> [Records shown]
★ ★ ★ ★ ★ ★ ★

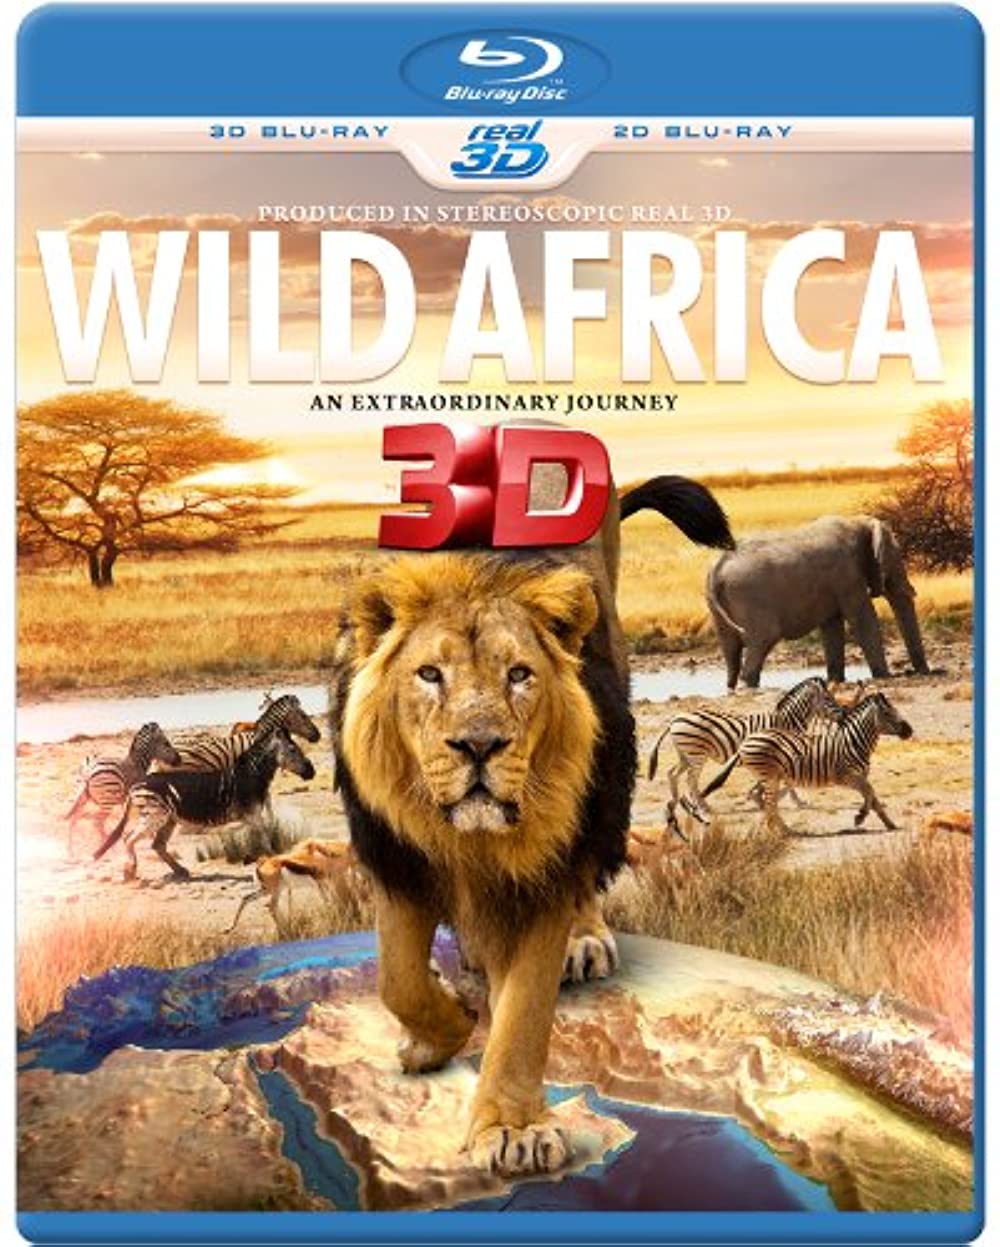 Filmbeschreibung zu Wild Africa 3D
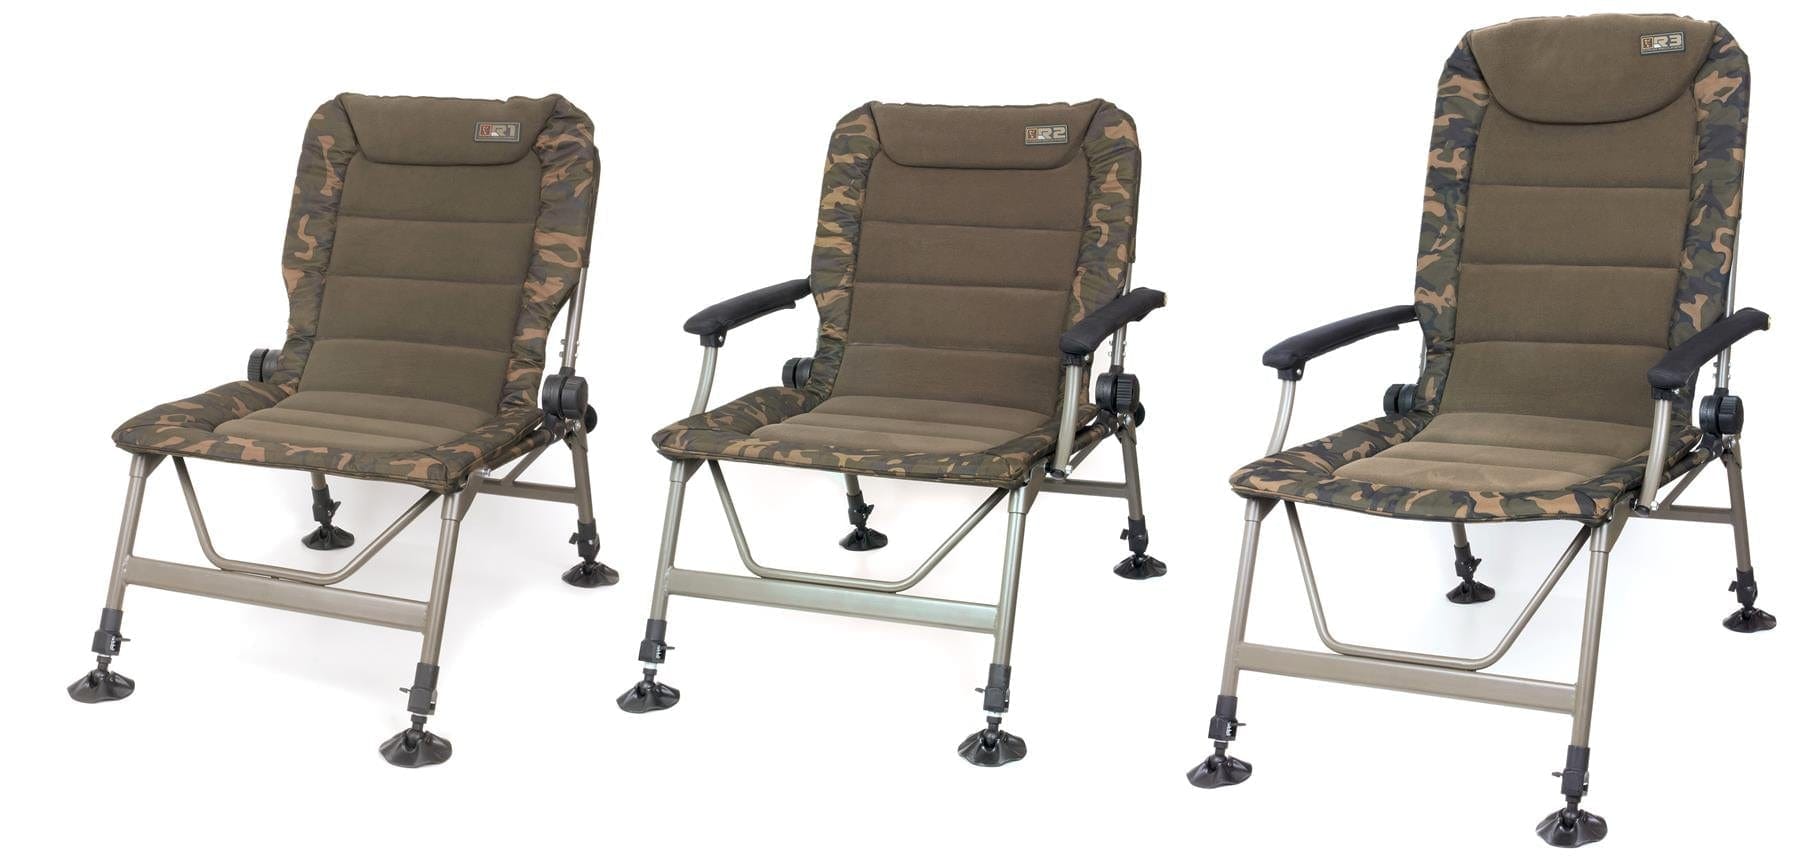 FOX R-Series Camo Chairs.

★ ★ ★ ★ ★ ★ ★

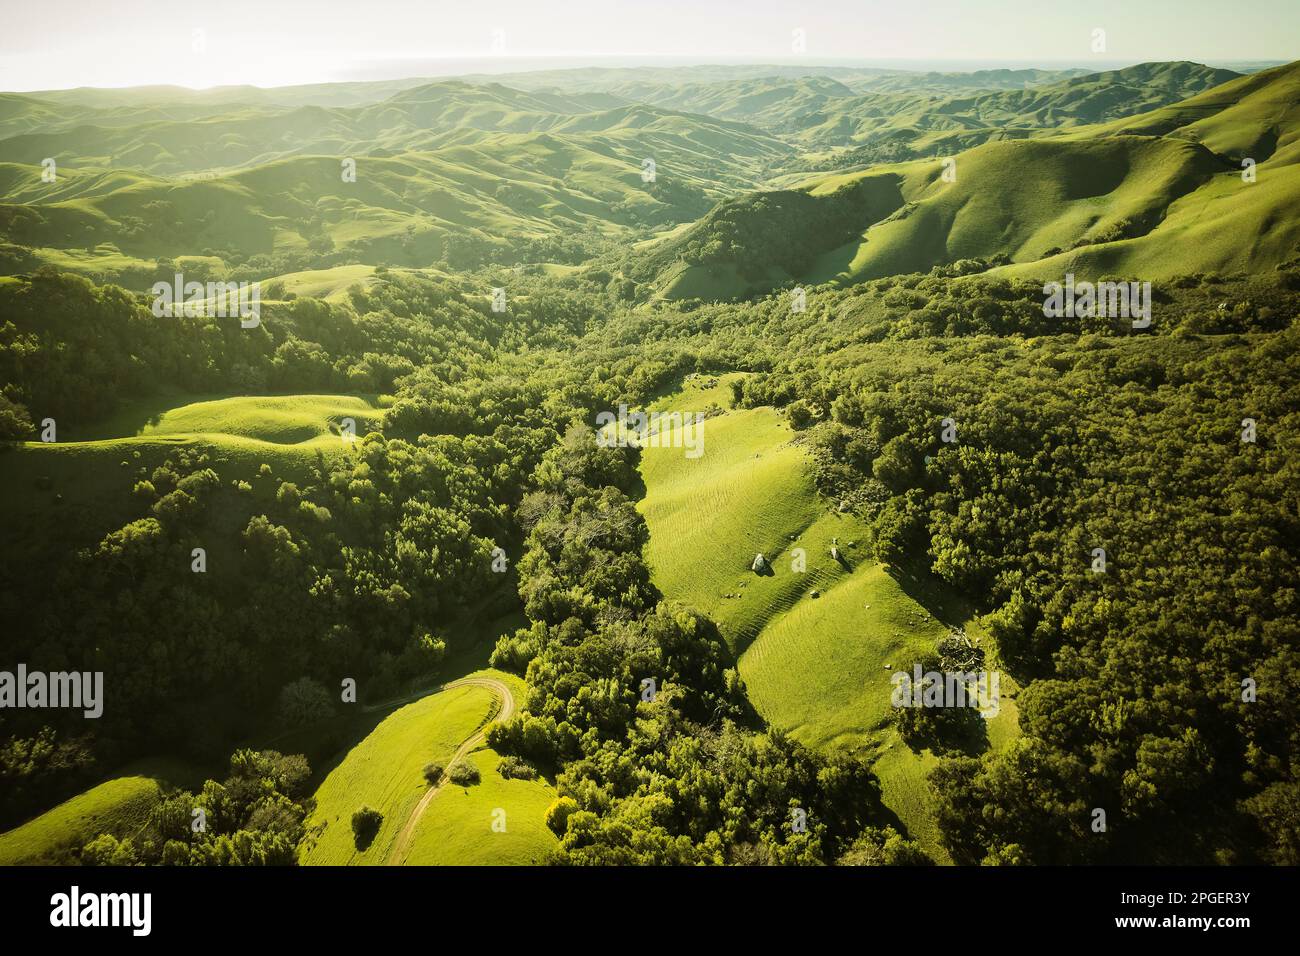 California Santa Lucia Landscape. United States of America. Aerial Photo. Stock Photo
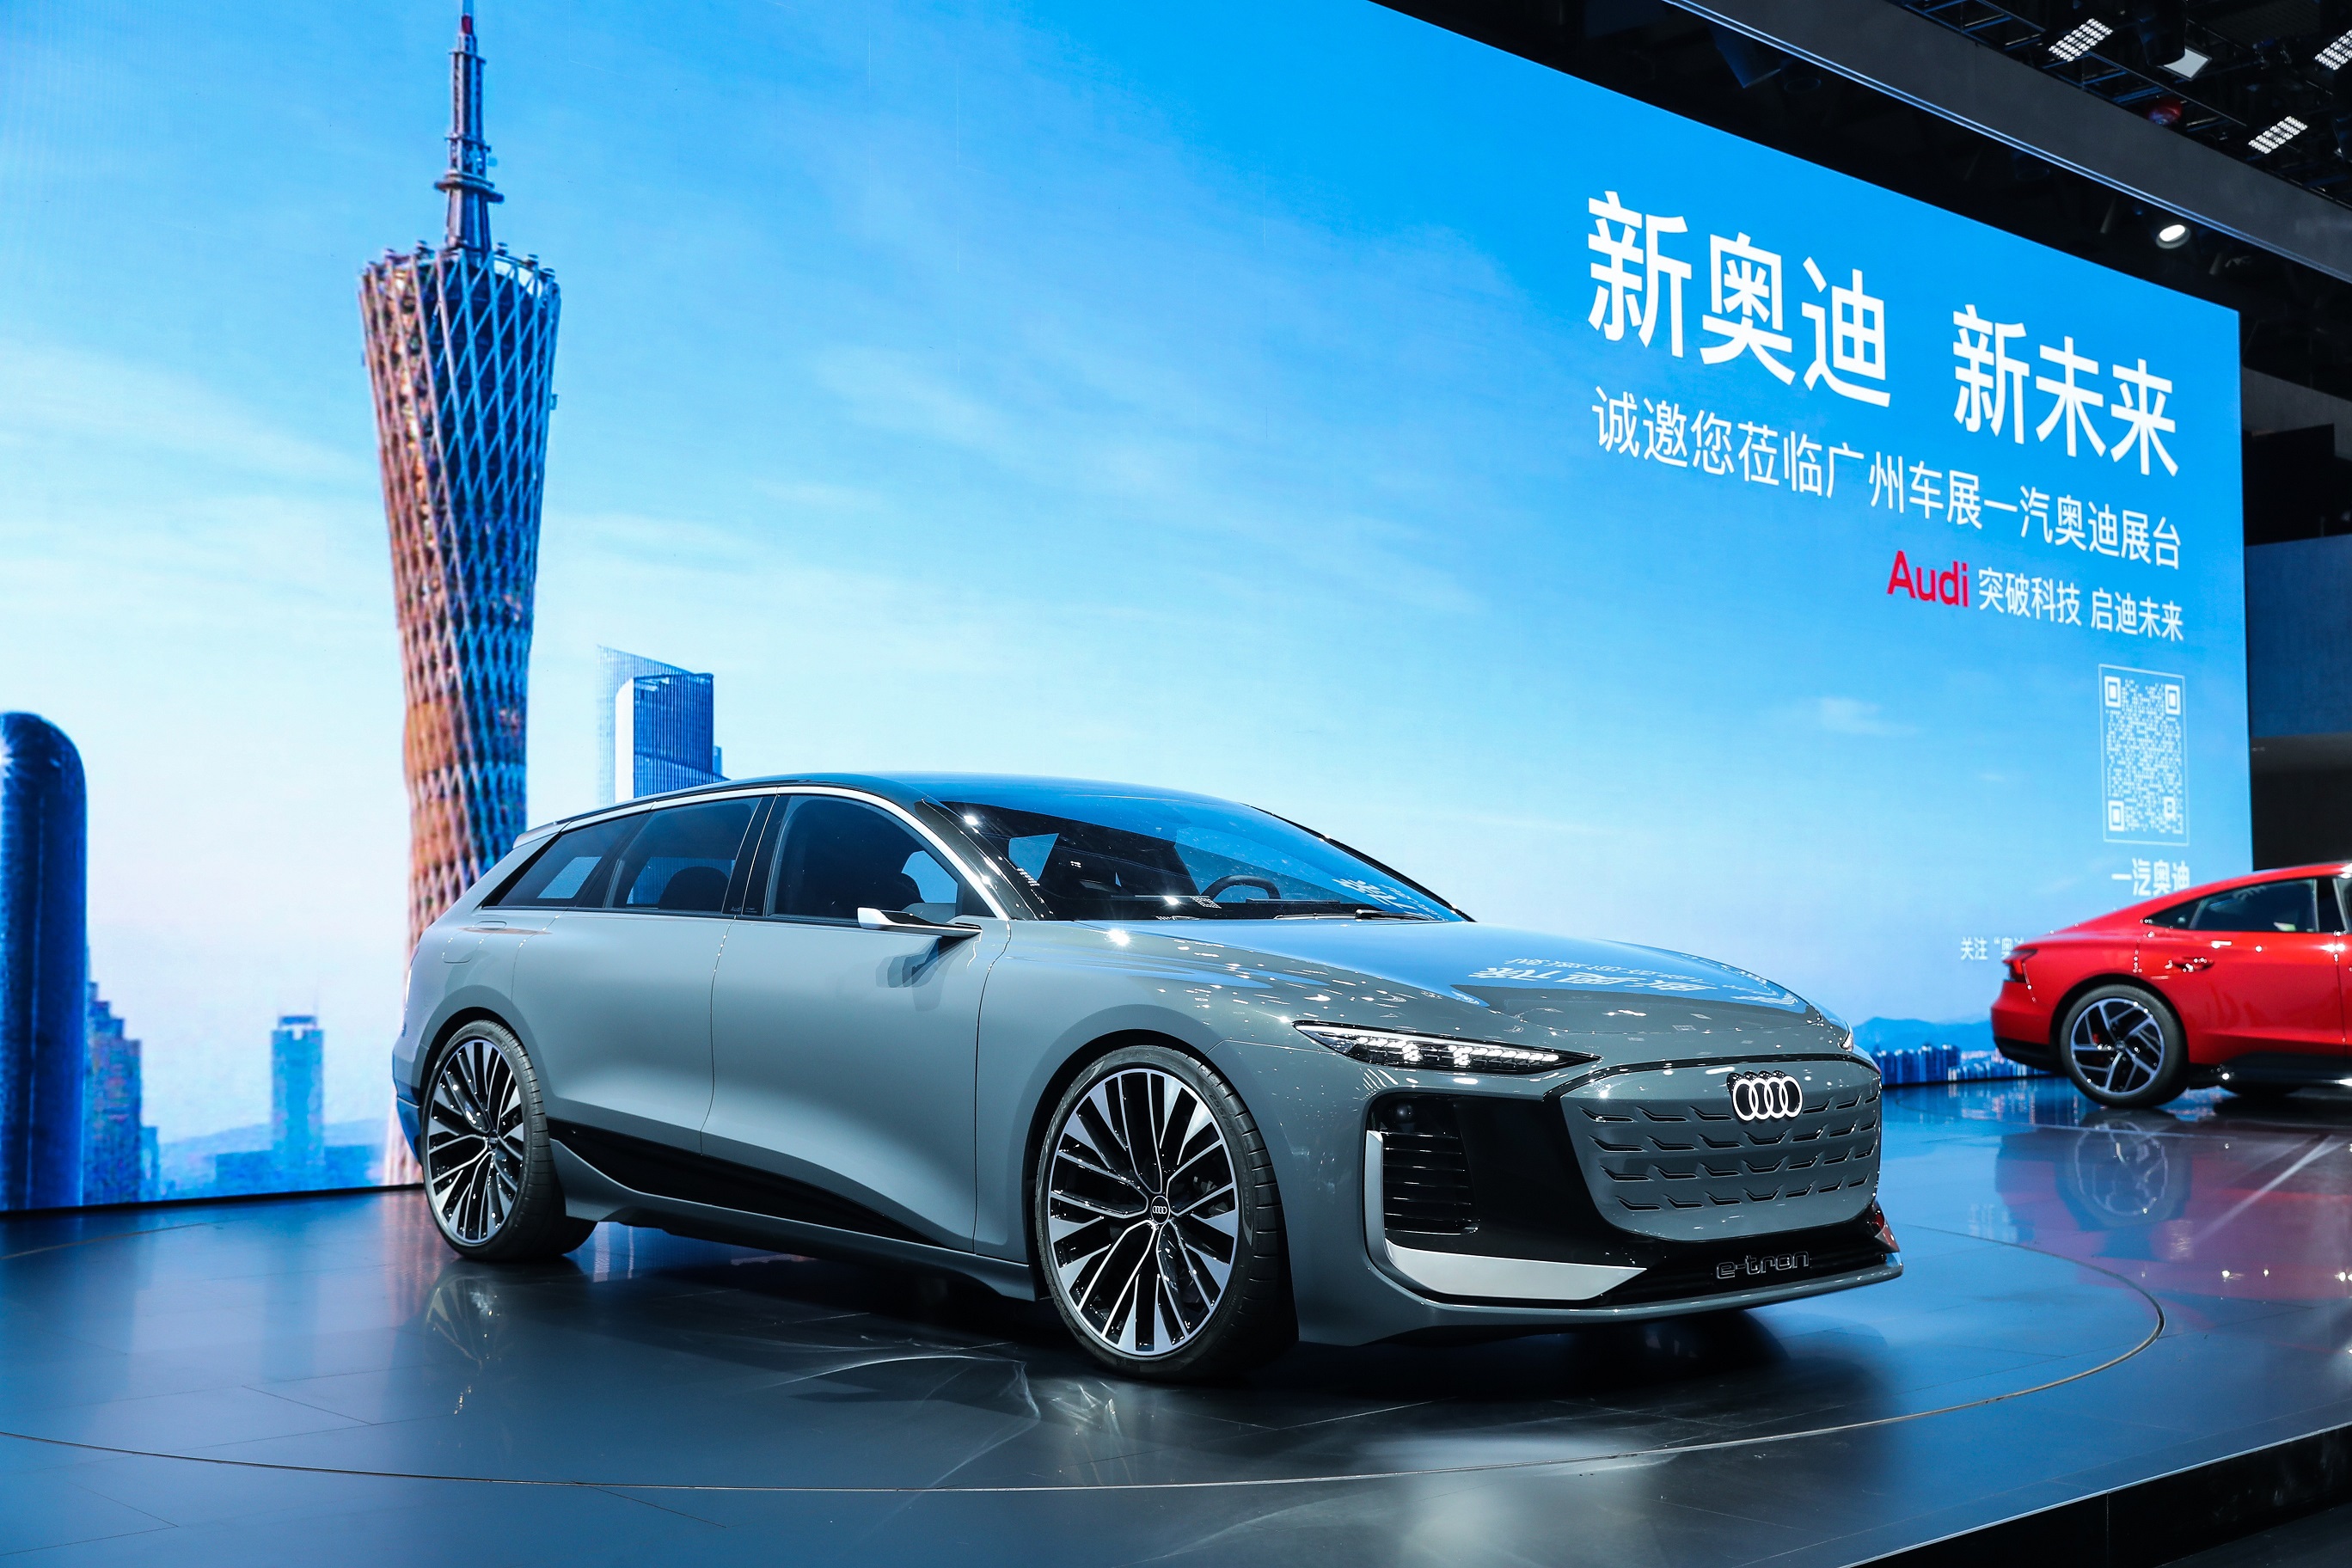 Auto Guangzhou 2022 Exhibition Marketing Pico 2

★ ★ ★ ★ ★ ★ ★

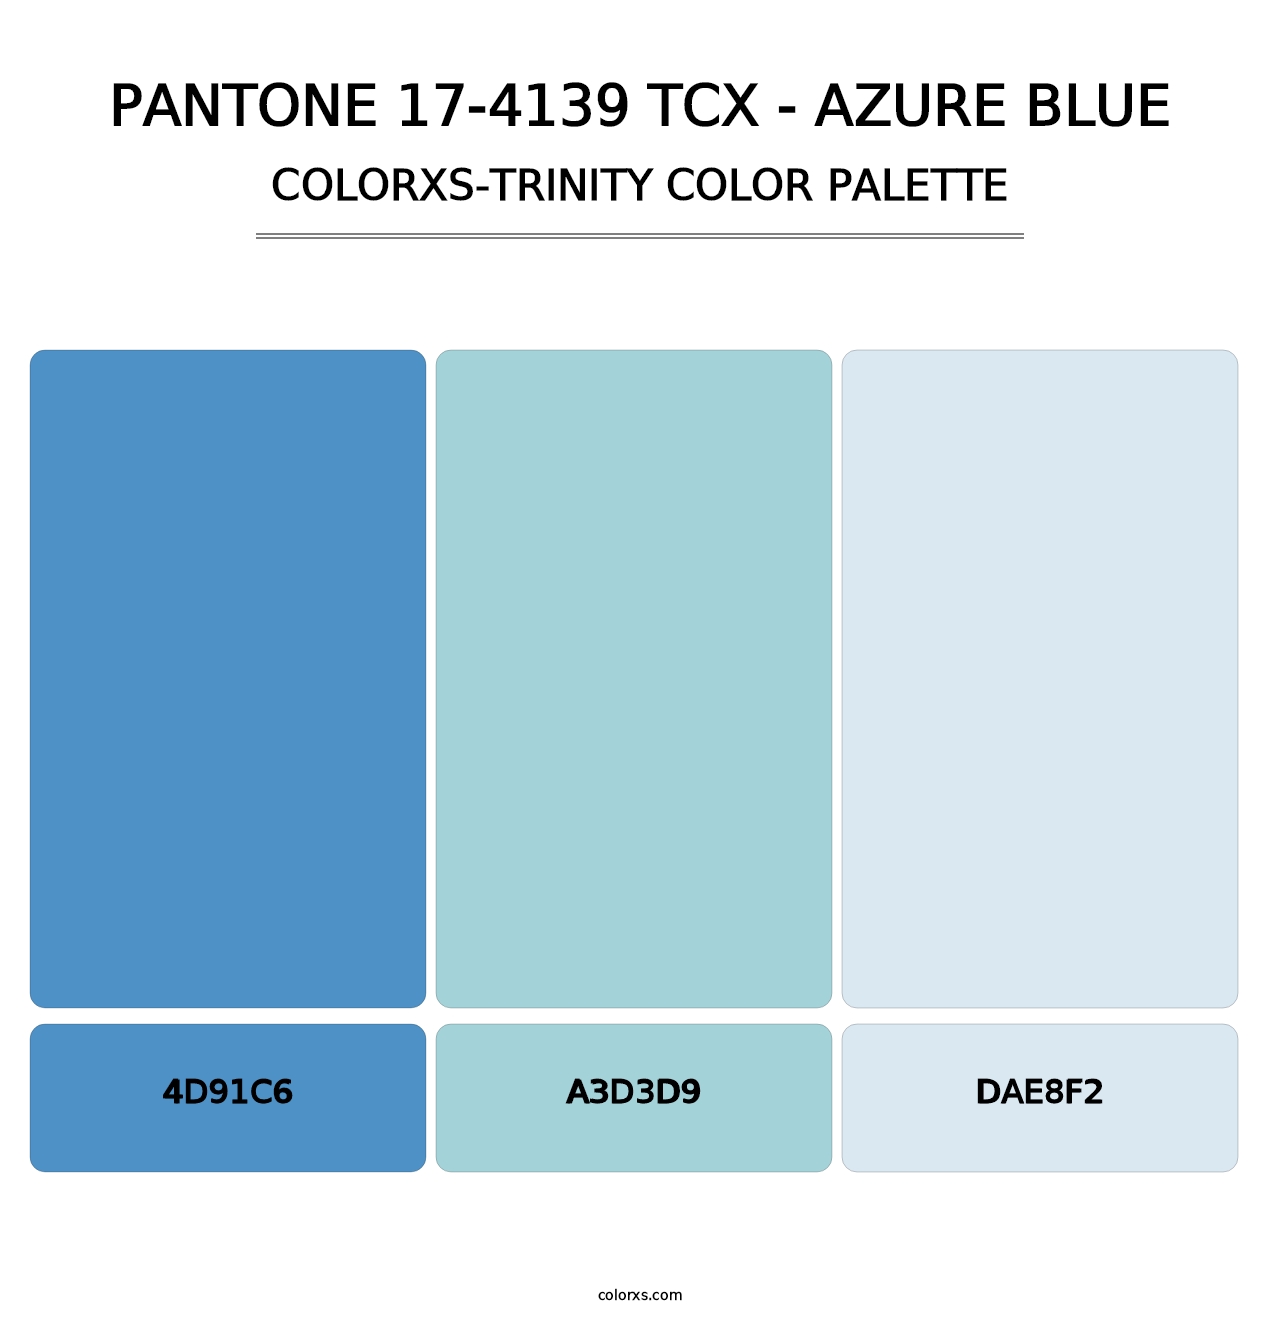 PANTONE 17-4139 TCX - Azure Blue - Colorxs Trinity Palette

★ ★ ★ ★ ★ ★ ★

> [Activity] What should come back is an exact copy of the lines above from the line with "Filmbeschreibung zu Wild Africa 3D" to the line with "FOX R-Series Camo Chairs.", both included, minus the pictures.

> [Completed task]
 Filmbeschreibung zu Wild Africa 3D
 FOX R-Series Camo Chairs.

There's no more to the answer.